The Ground Breaking by Scott Ellsworth
In 1921, “Black Wall Street”, an affluent Black Greenwood District of Tulsa, Oklahoma, was razed by a white mob under the protection of armed government personnel. The area’s churches, hospitals, libraries, and banks were looted and bombed, and the residents murdered and terrorized. The Ground Breaking exposes the long-standing suppression of research into the destruction of a Black community and efforts to liberate the remains of those who are still interred there in unmarked graves.
Chain Gang All-Stars by Nana Kwame Adjei-Brenyah
Positioned as modern-day gladiators, Loretta Thurwar and Hamara “Hurricane Staxx” Stacker are two imprisoned women forced to compete for their freedom, and the entertainment and profit of the private prison industry. Thurwar is close to achieving her freedom and hopes to leave her fellow “Links” in the Chain-Gang All-Stars system with some hope for their own humanity. Her efforts are seen as a threat to the Criminal Action Penal Entertainment (CAPE) program and met with devastating obstacles in their attempt to retain their racist, capital-driven status quo.
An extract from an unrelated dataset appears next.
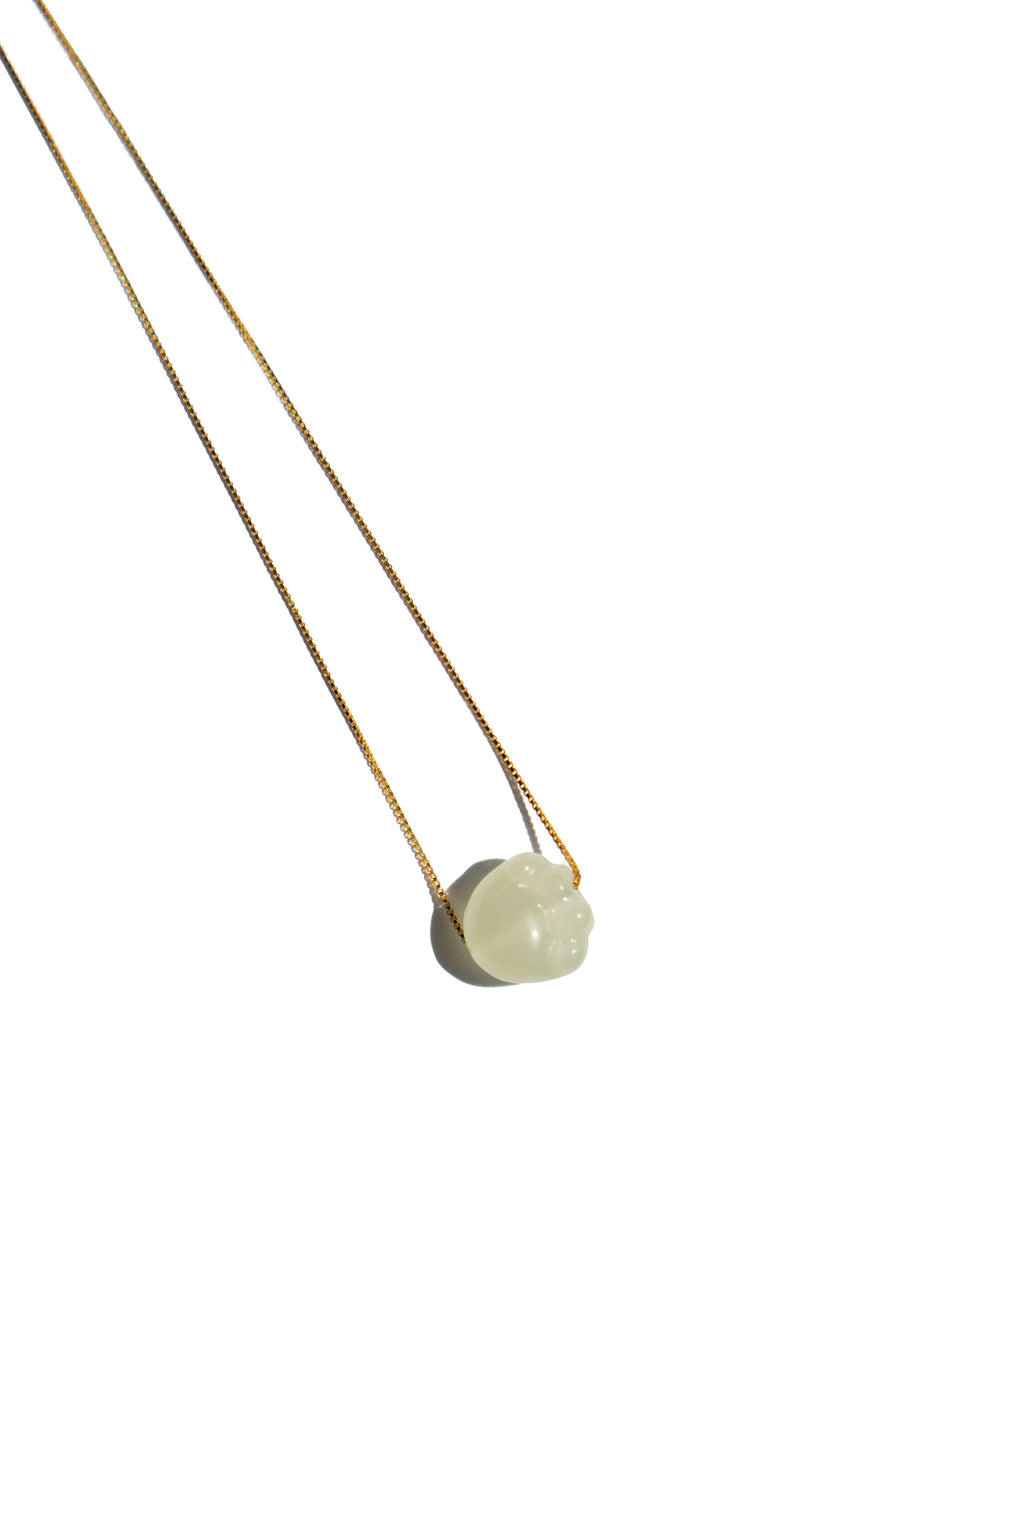 seree-cat-paw-green-nephrite-jade-necklace-off-white

Punished For Dreaming by Dr. Bettina L. Love
Dr. Bettina L. Love demonstrates the devastating effects of Reagan’s educational reform on Black children. Dr. Love follows the lives of 25 Black Americans who lived through the targeting, pathologizing, and punishing rhetoric of the War on Drugs to reveal the ways that harsh policies disproportionately harm Black children, while bolstering the profits of the private prison industrial complex.
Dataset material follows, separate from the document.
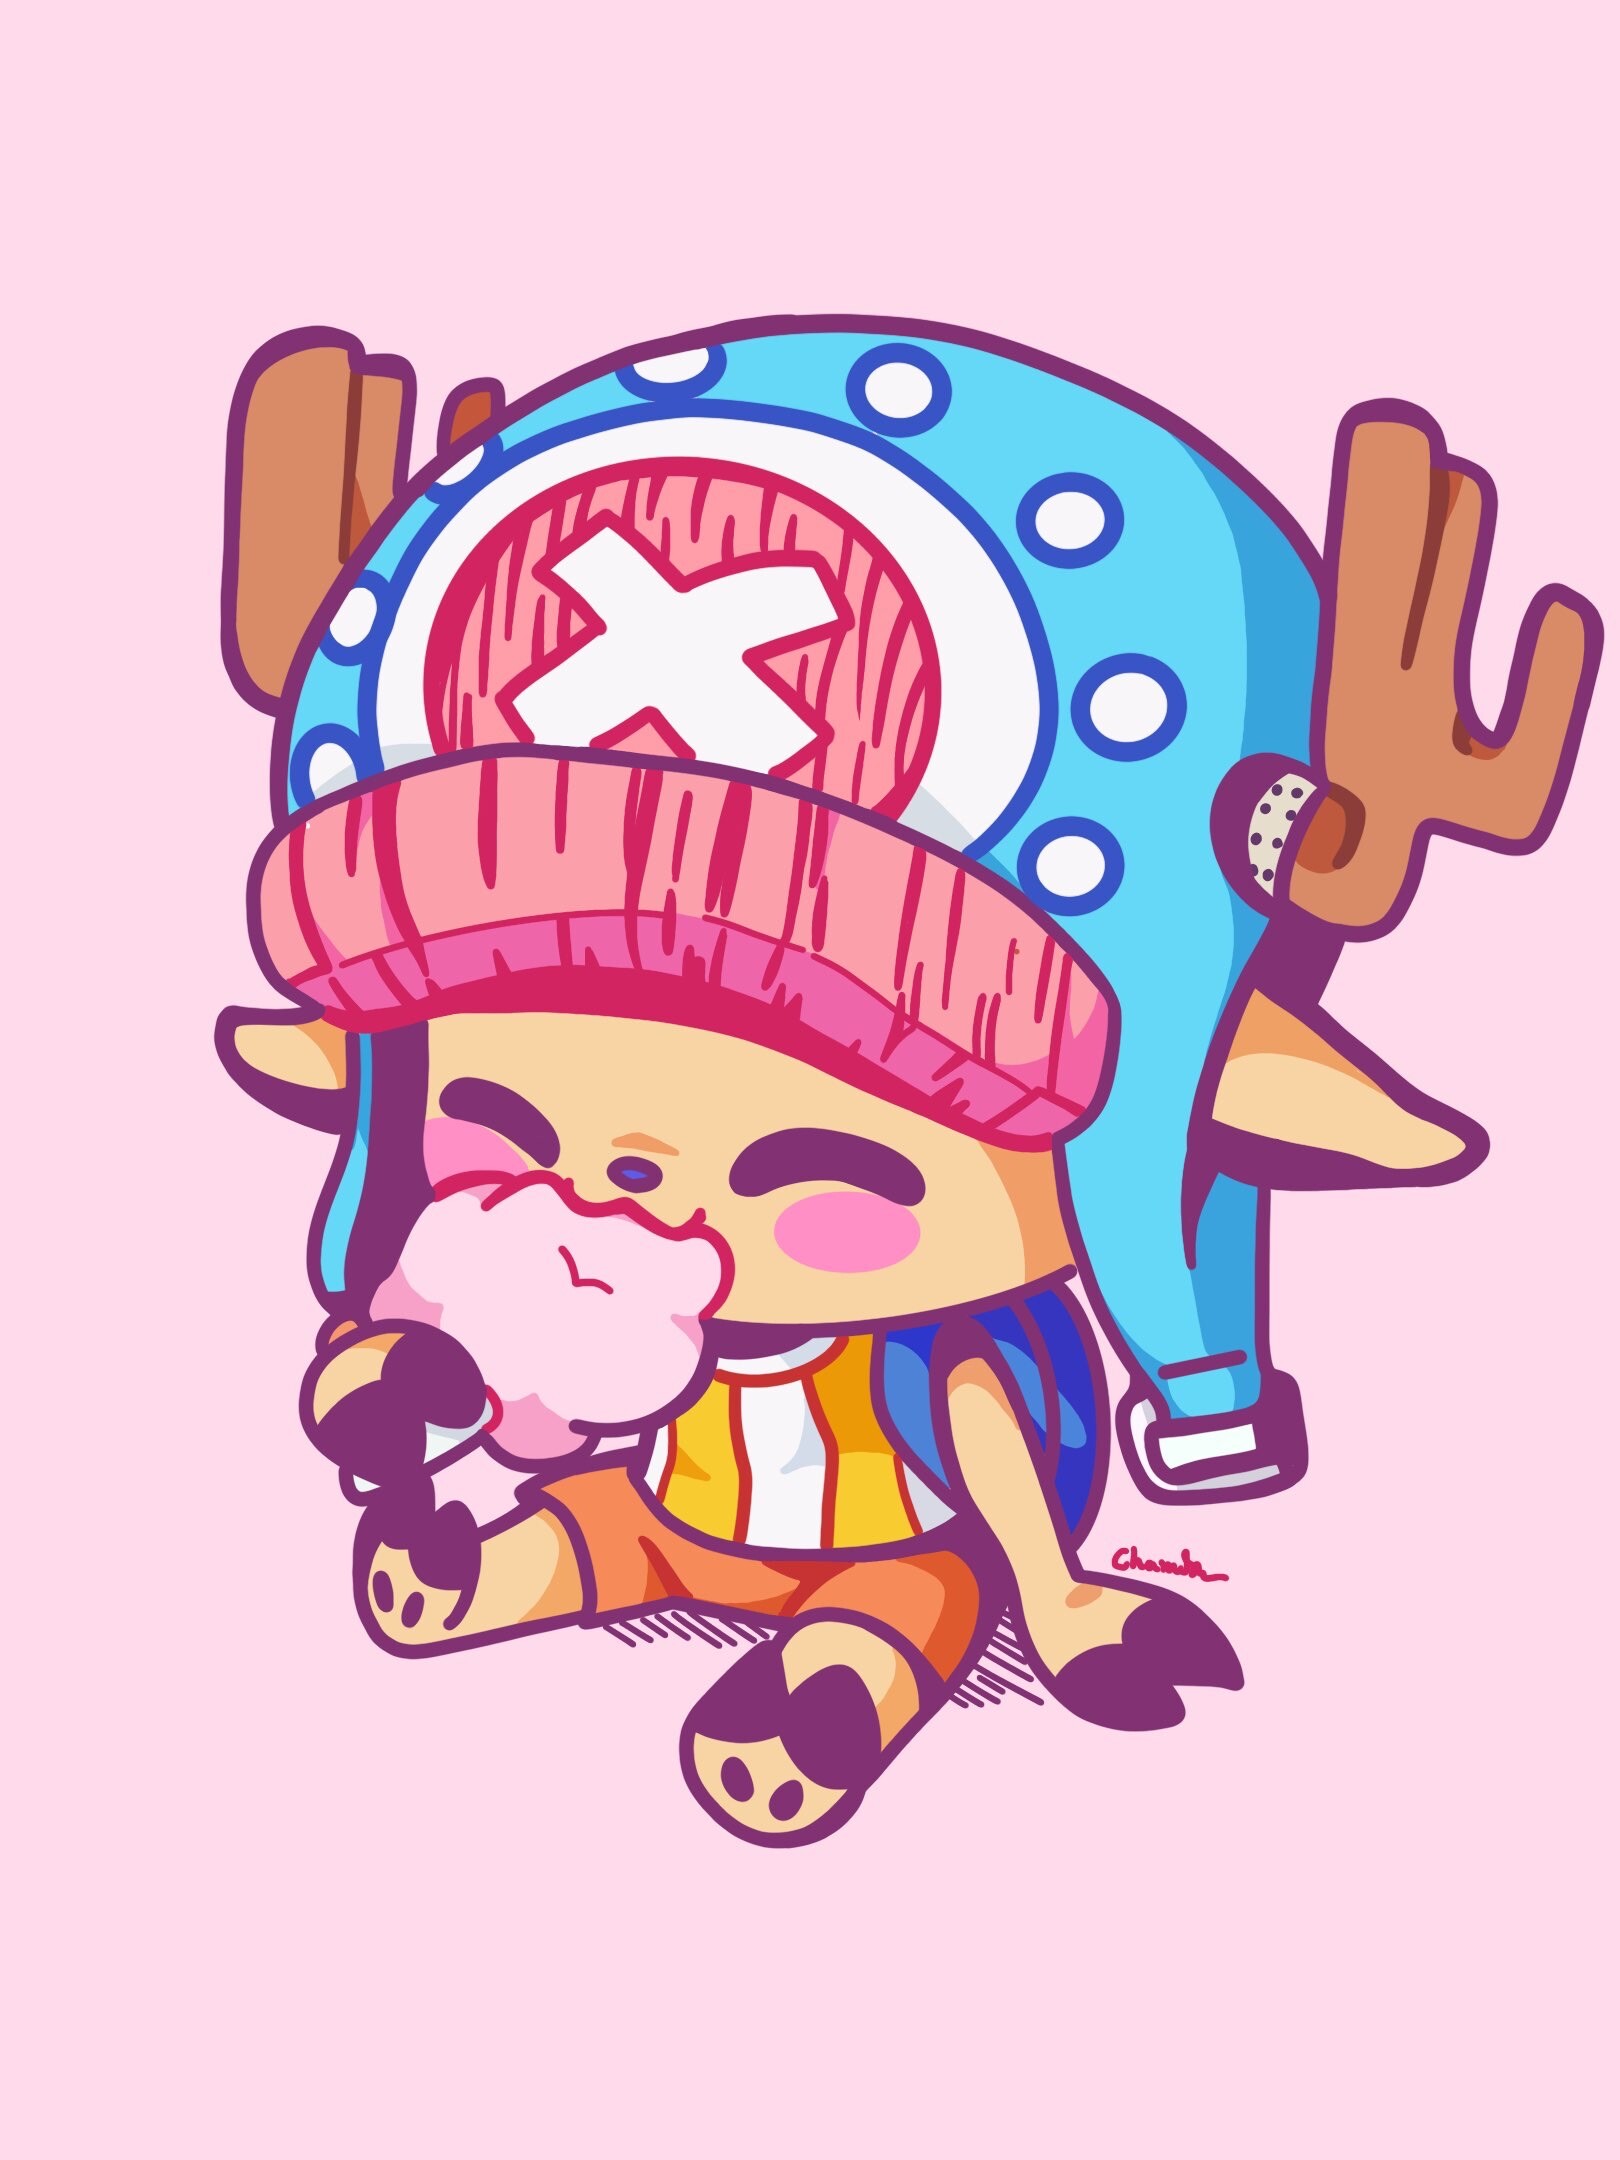 Chopper from one piece by Ms.Sushi on ArtStation.

Heaven and Earth Grocery Store by James McBride
(TW: SA, CSA) Set in 1972 in Pottstown, Pennsylvania, we’re immersed in the lives and struggles of the adjoining African American and Jewish immigrant communities of a rundown neighborhood called Chicken Hill. When a body is found in a well at the dig site of a new development, long-buried secrets of a town forced to survive in the margins of an oppressive white, Christian system are revealed. These secrets take us back 40 years to meet Moshe Ludlow, the owner of a theatre, his wife, Chona, the owner of Heaven and Earth Grocery store, and a community marked by both the possibilities of racial integration and violence of racial prejudice.
Let Us Descend by Jesmyn Ward
Annis is a young girl who must make a long journey south to Louisiana after being sold by the white enslaver who fathered her. After overhearing Dante’s Inferno being taught to his other daughter, Annis likens her treacherous journey through the antebellum South, and the spirit of her grandmother, and various others she encounters to the epic poem. Through immersive poetic prose, we experience her pain and struggle for dignity.
Stowe Prize Shortlist 2023 (listed alphabetically)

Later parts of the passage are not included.